Soooooo back in the
olden days, right, there was a King, and there was a Jester. The King
was a man, and he was the Establishment, the Power, and all the
patriarchal Patriarchy you can shake a patrician pater at. And the
Jester was also a man, but he was a little man, relatively speaking.
He was not the Power, he was the "fool"—and in the fool
we see all the important stuff that makes up clowning: high
ridiculousness, physicality, willingness to be the joke, willingness
to subvert, mock or at least hold a lil' mirror up to the King so
that he can see himself. The fool is Humanity: an embodied reminder
that the human experience is about more than Civilization and
Hierarchy. It is about the madness and glory of just being alive and
going through this ridiculous shit called Life!
All amazing shit,
and pretty wrong-headed that it's in the "disempowered"

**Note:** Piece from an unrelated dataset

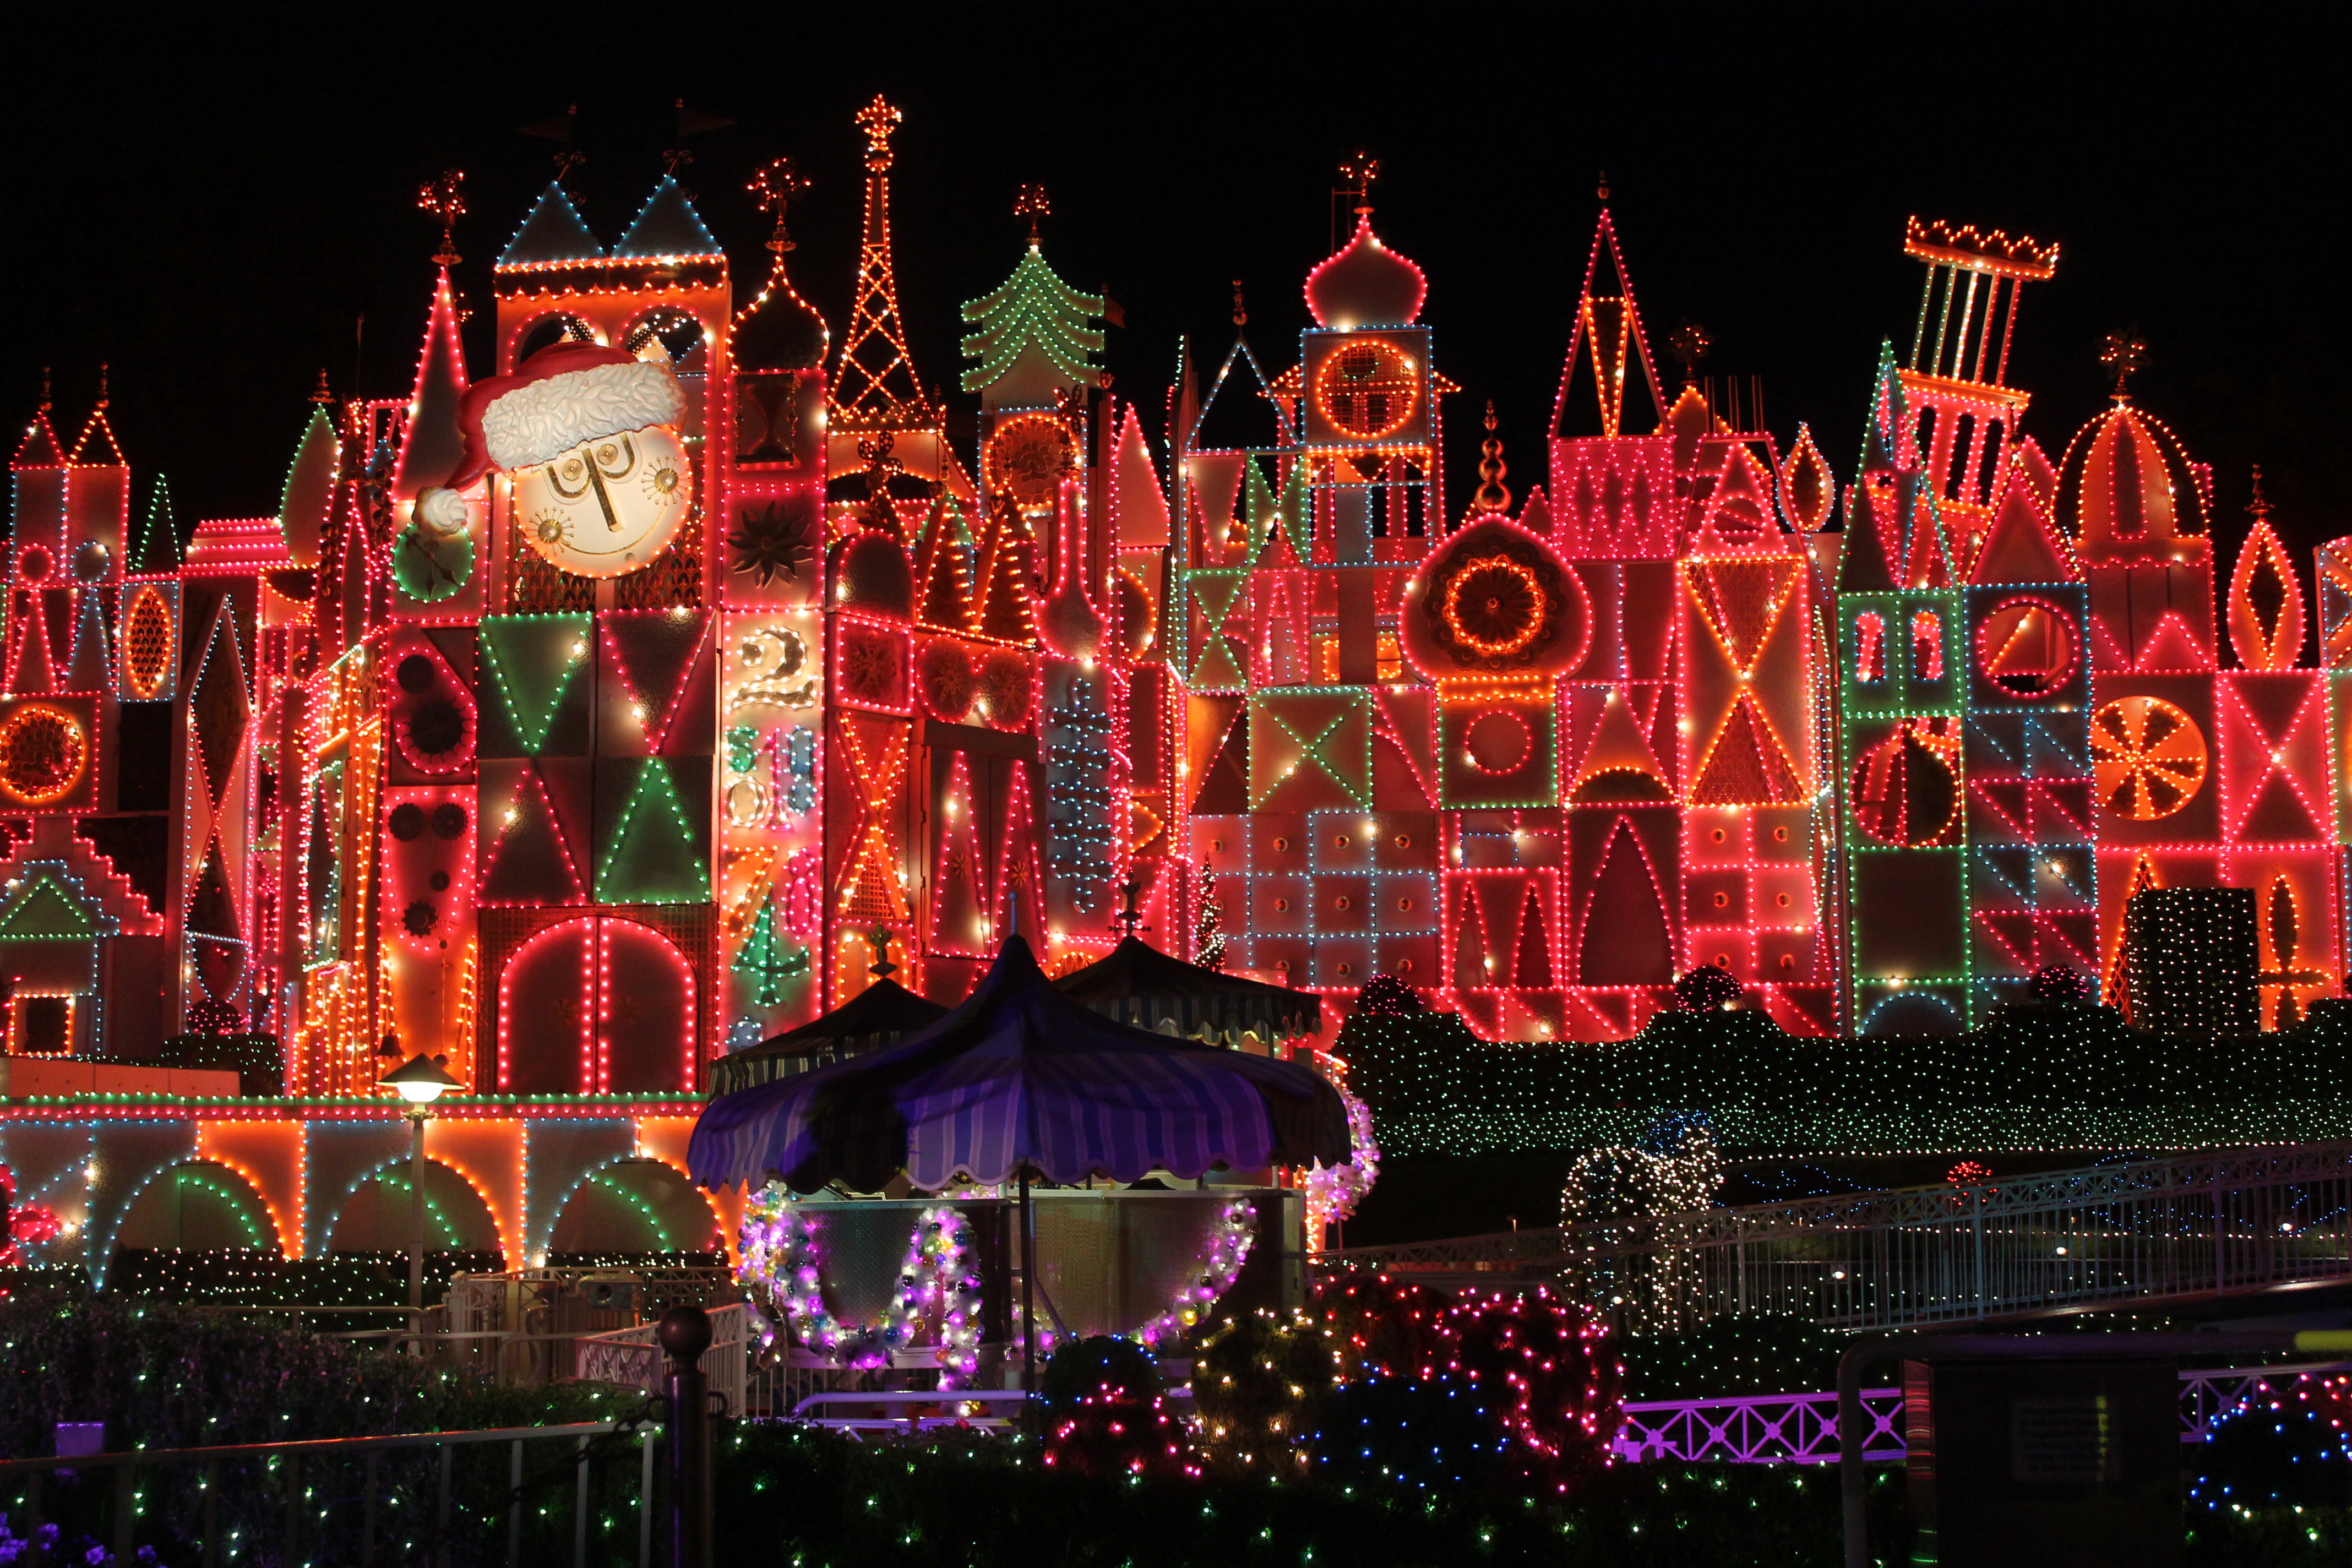 It’s a world of laughter, a world of tears. A world of hope and a world of fears. It’s a world of 20 years of it’s a small world holiday ride at Disneyland!

figure that all the truest lessons live. But that's the patriarchy
for ya. I'm wondering, though, if maybe I can keep the patriarchy
offa my clown for a minute.
I'm going to use
the word "clown" in this blog entry, even though I try not
to use it in mixed company. We're among friends, right? We'll define
"clown" as the comedy realm which is without a fourth wall
and rooted in vulnerability. And we'll try to go back to Never Using
The Word Clown directly after.
In my clown world,
I hear the word "stupid" a lot. Clowns call each other
"stupid" as a compliment, a signal that a clown is really
in the zone, really being human. I hear myself using it too. It's
useful; so much comedy is trying soooo hard to be clever. When you
see the opposite of that kind of cerebral comedy—body comedy, heart
comedy—maybe you have to call it stupid, just to signify the
refreshing contrast.
Nonetheless,
"Stupid" or "Idiot" never really felt good to me
personally. My particular frequency of clown has never been activated
by the idea of being a stupid idiot. If I may speak of "my
clown" for a moment, ahem ahem,
my clown is brilliant, my clown is a mastermind, my clown has lots of
determination, my clown will get it done, my clown cannot get it done
because the world, man, but hey, my clown abides.
And
I've been wondering about that idea of calling on the clown to be
stupid—whether it's really a call from one man to another to be
anti-patriarchal, to do the anti-male thing and be vulnerable, and
fail, and be loved. But here I've been womaning along my whole life
and nobody needed to tell me
to do all that, or rather, that's what everyone and everything
has told me to do all the time.
And so to call my
clown stupid might be, essentially, in this fucked-up world, maybe a
little fucking redundant.
I get activated by
words and phrases like Ferocious! Monster! Killin it! Wipin the
floor with it! Destroying it! Slayer! Who's a slayer?! You're a
slayer, you big slayer! Triumph! Conquest! Roarrrrr!
Big fierce words
make me want to get out there and really go for it. Of course I'm
still gonna be vulnerable, that's a given. I'm so
vulnerable maybe don't call my clown stupid to my face. Maybe that's
some locker room talk, some macho shit, maybe some other clowns need
that, and I need something else.
And yet, I get that
it totally still makes sense to talk about the clown being stupid or
an idiot. If only because you're in comedy class, or comedy circles,
and those cultures should be funny, and sure you can say "oh,
that clown is so HUMAN, so VULNERABLE", but it's not as funny a
thing to say as "That's fucking stupid, amiright. That person's
an idiot."
So I'm just asking
the question. Answer it as you like.